PROBLEM -
Find the line with "28d2135e504 👶Яркая юбка" in the entries below, then output every line from it down to the line with "Bitterroot Valley Barn", exactly and with no pictures.

DATASET EXTRACT -
··········

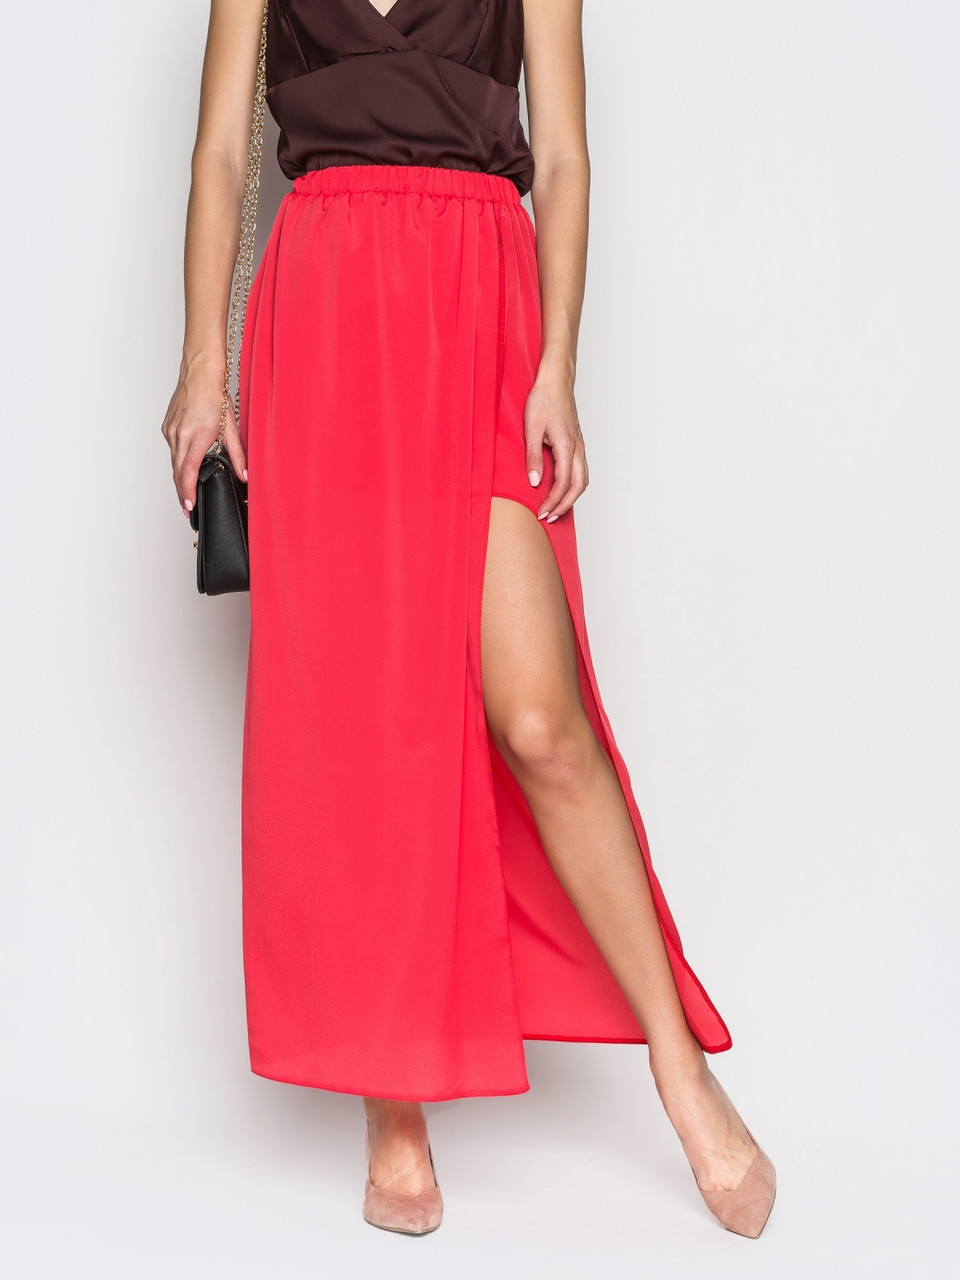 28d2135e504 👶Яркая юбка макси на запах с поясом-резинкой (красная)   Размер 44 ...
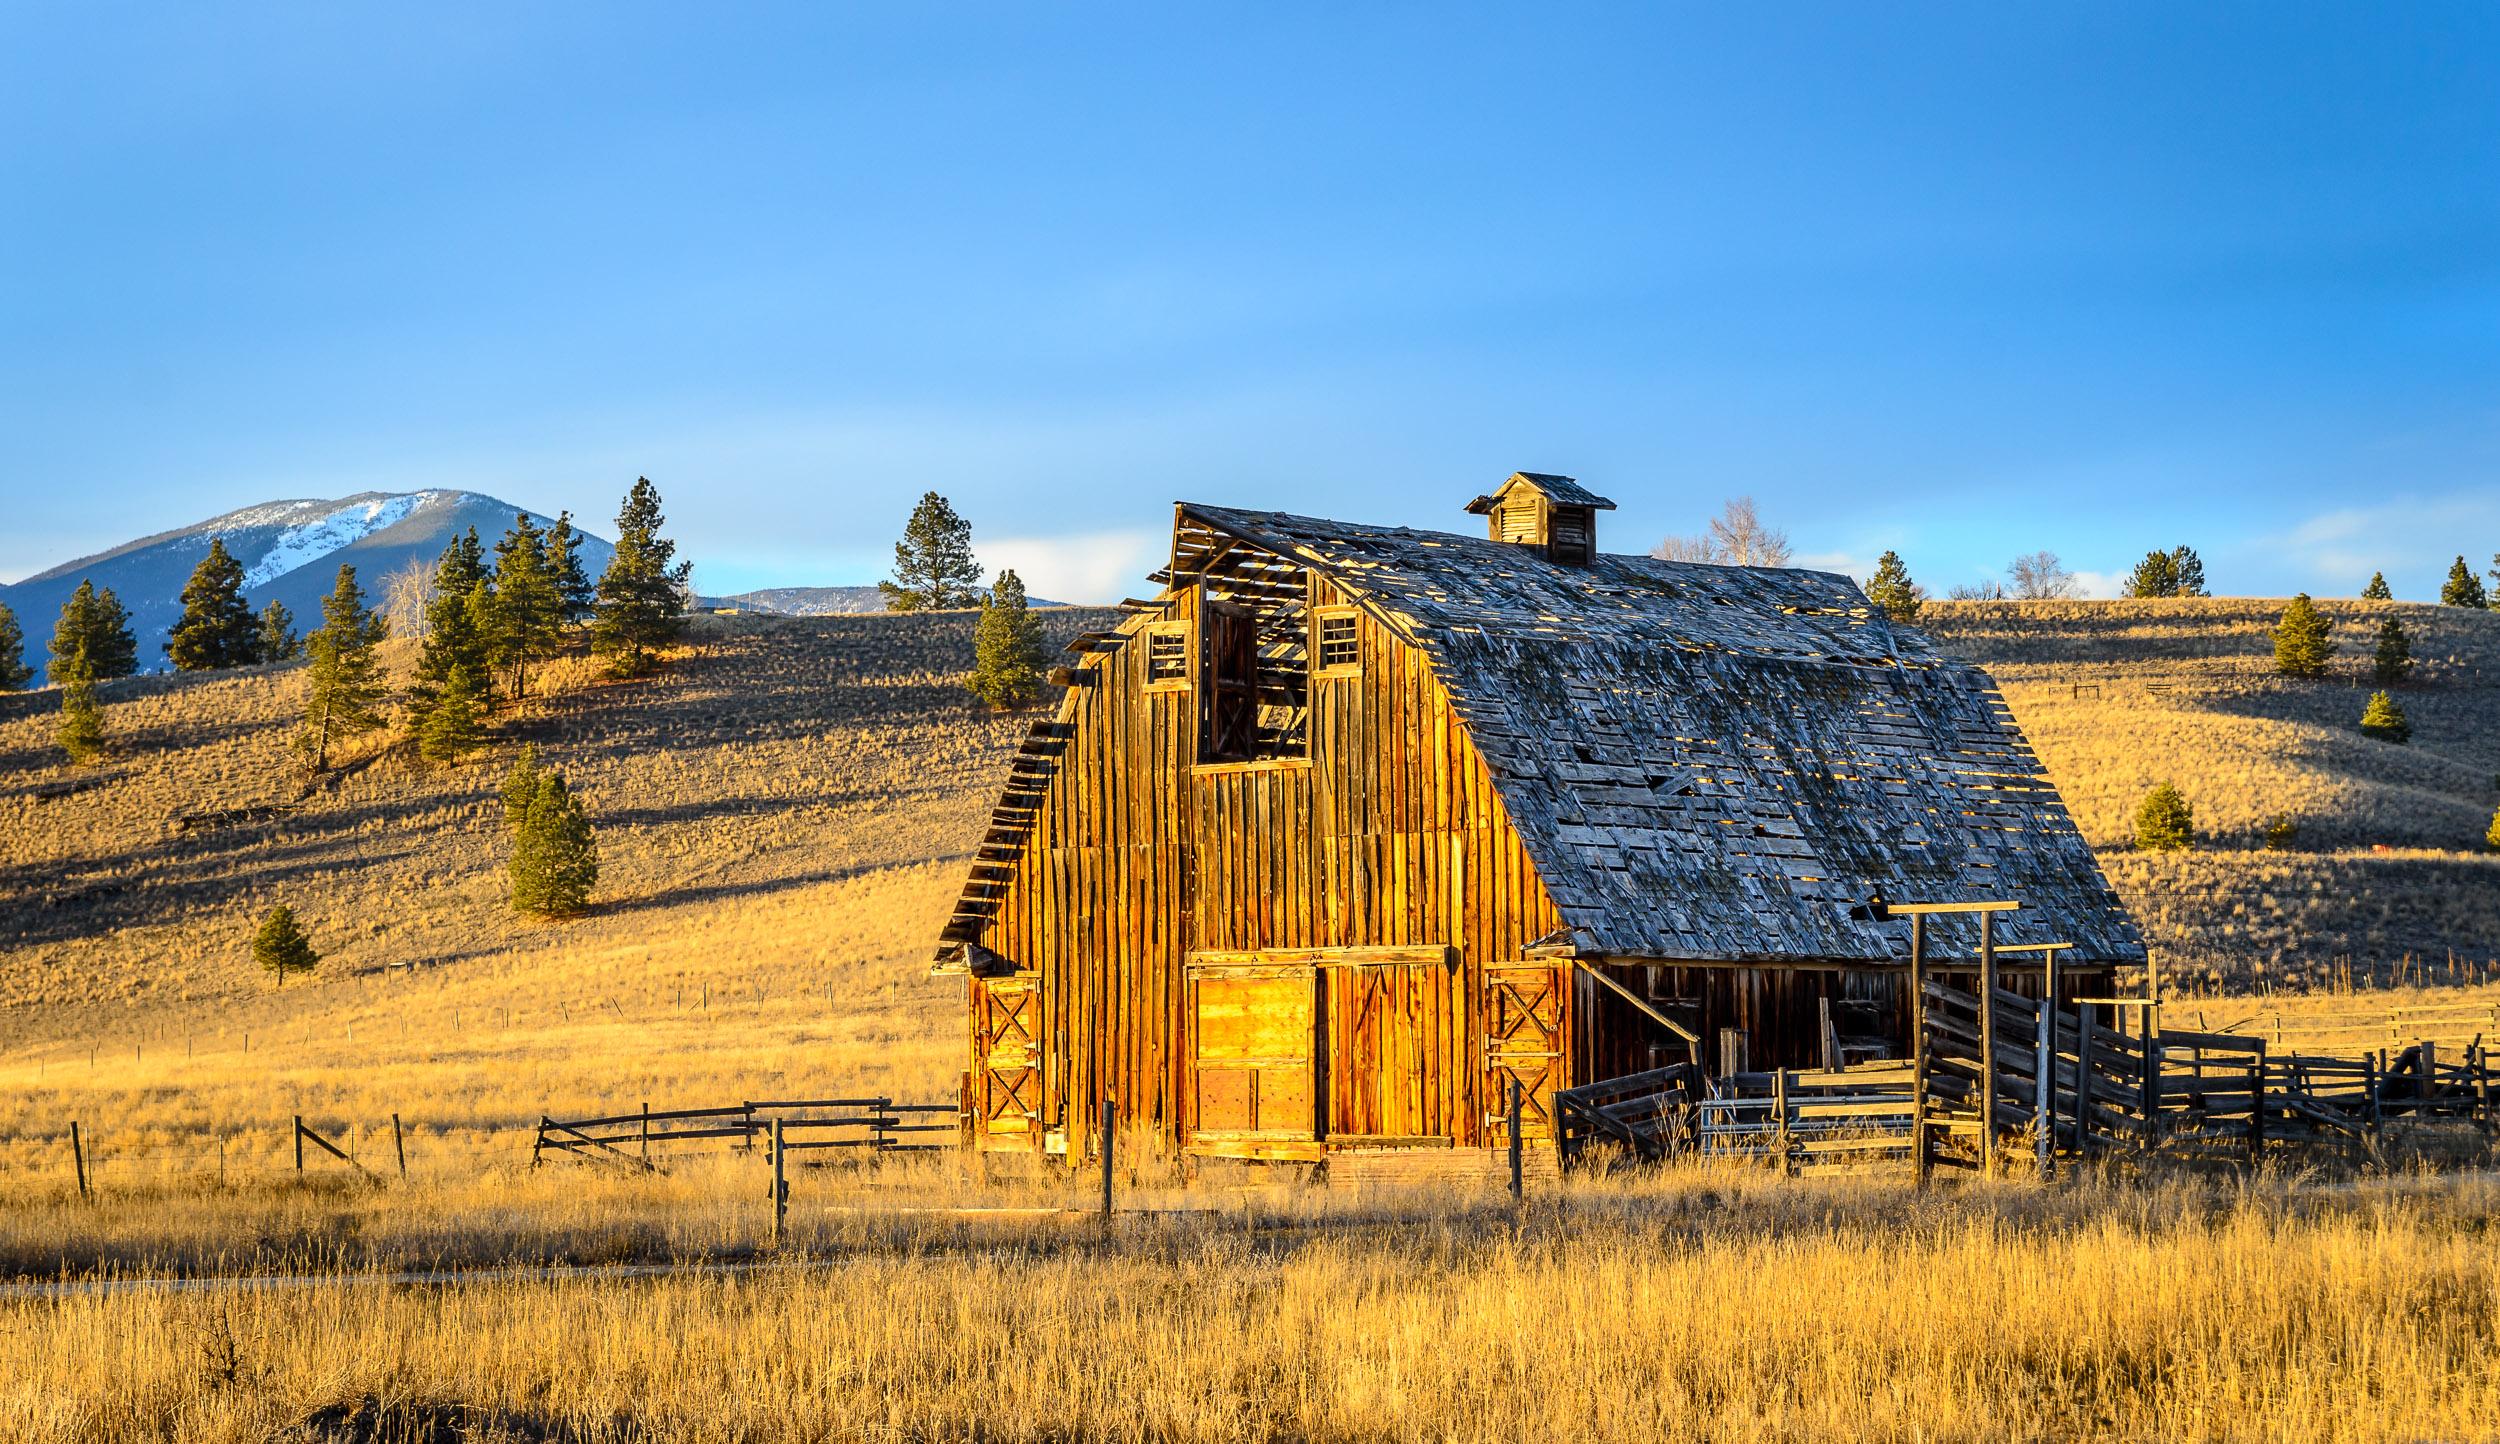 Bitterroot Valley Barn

··········

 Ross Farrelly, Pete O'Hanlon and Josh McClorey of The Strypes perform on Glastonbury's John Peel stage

··········

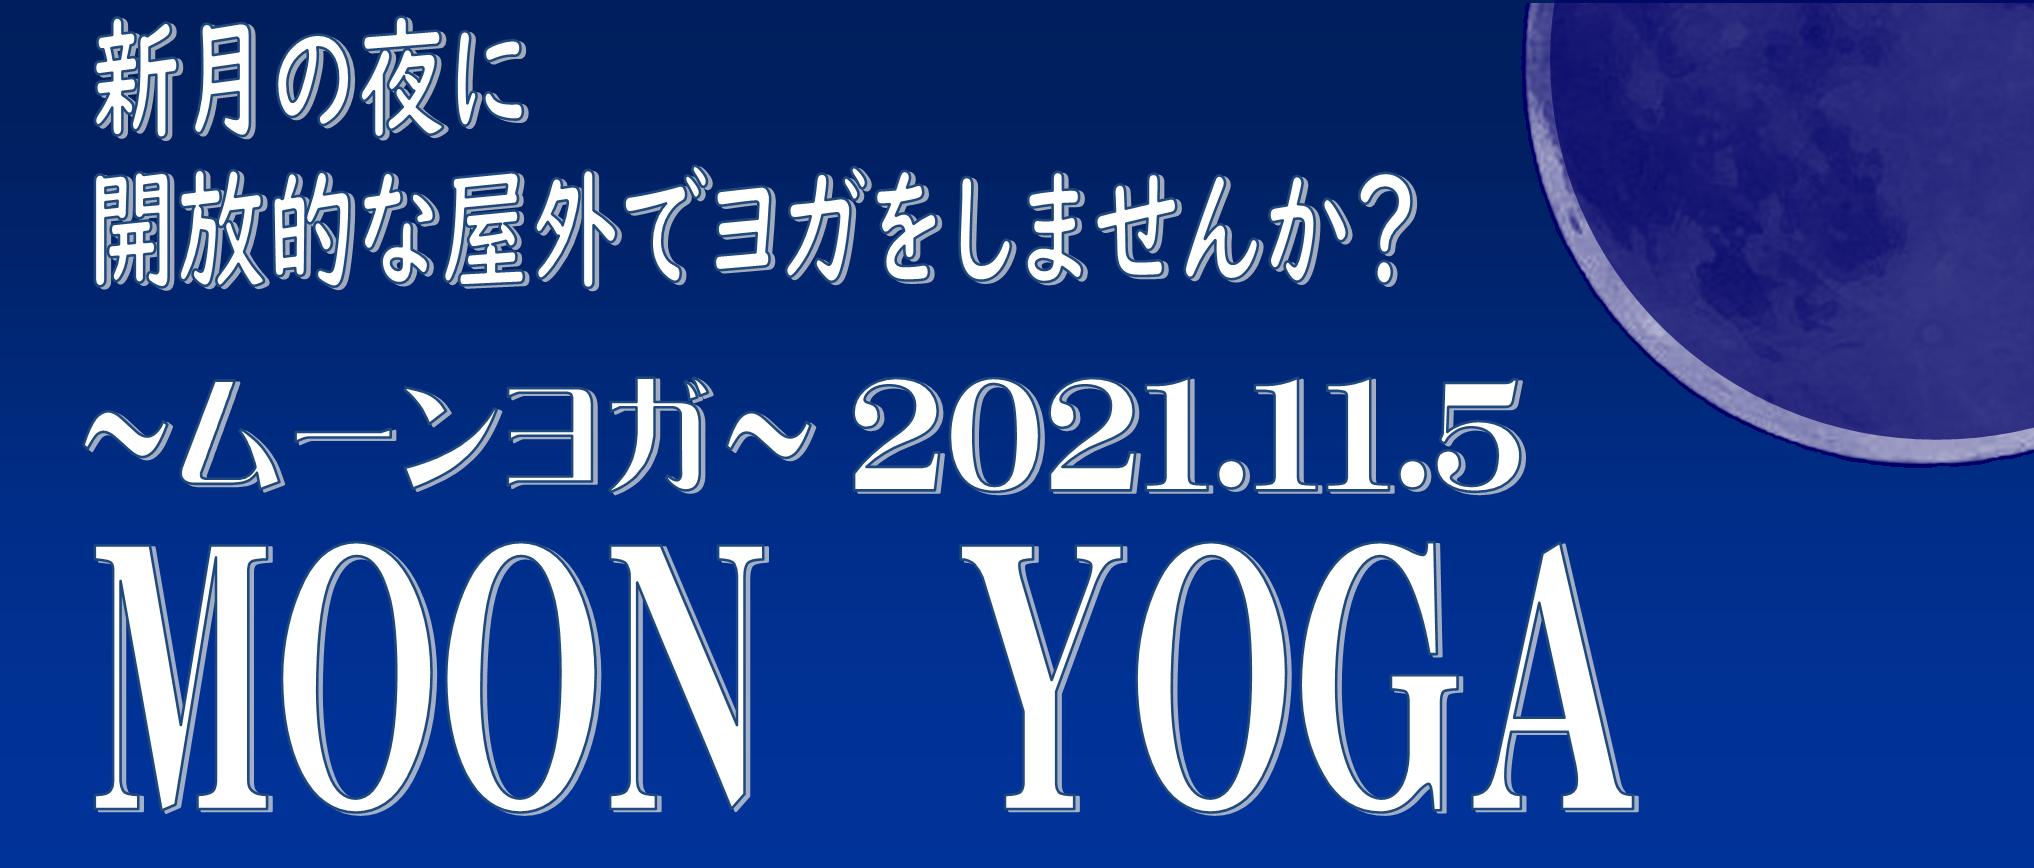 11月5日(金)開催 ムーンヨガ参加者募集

··········

ANSWER SPACE -
 28d2135e504 👶Яркая юбка макси на запах с поясом-резинкой (красная)   Размер 44 ...
 Bitterroot Valley Barn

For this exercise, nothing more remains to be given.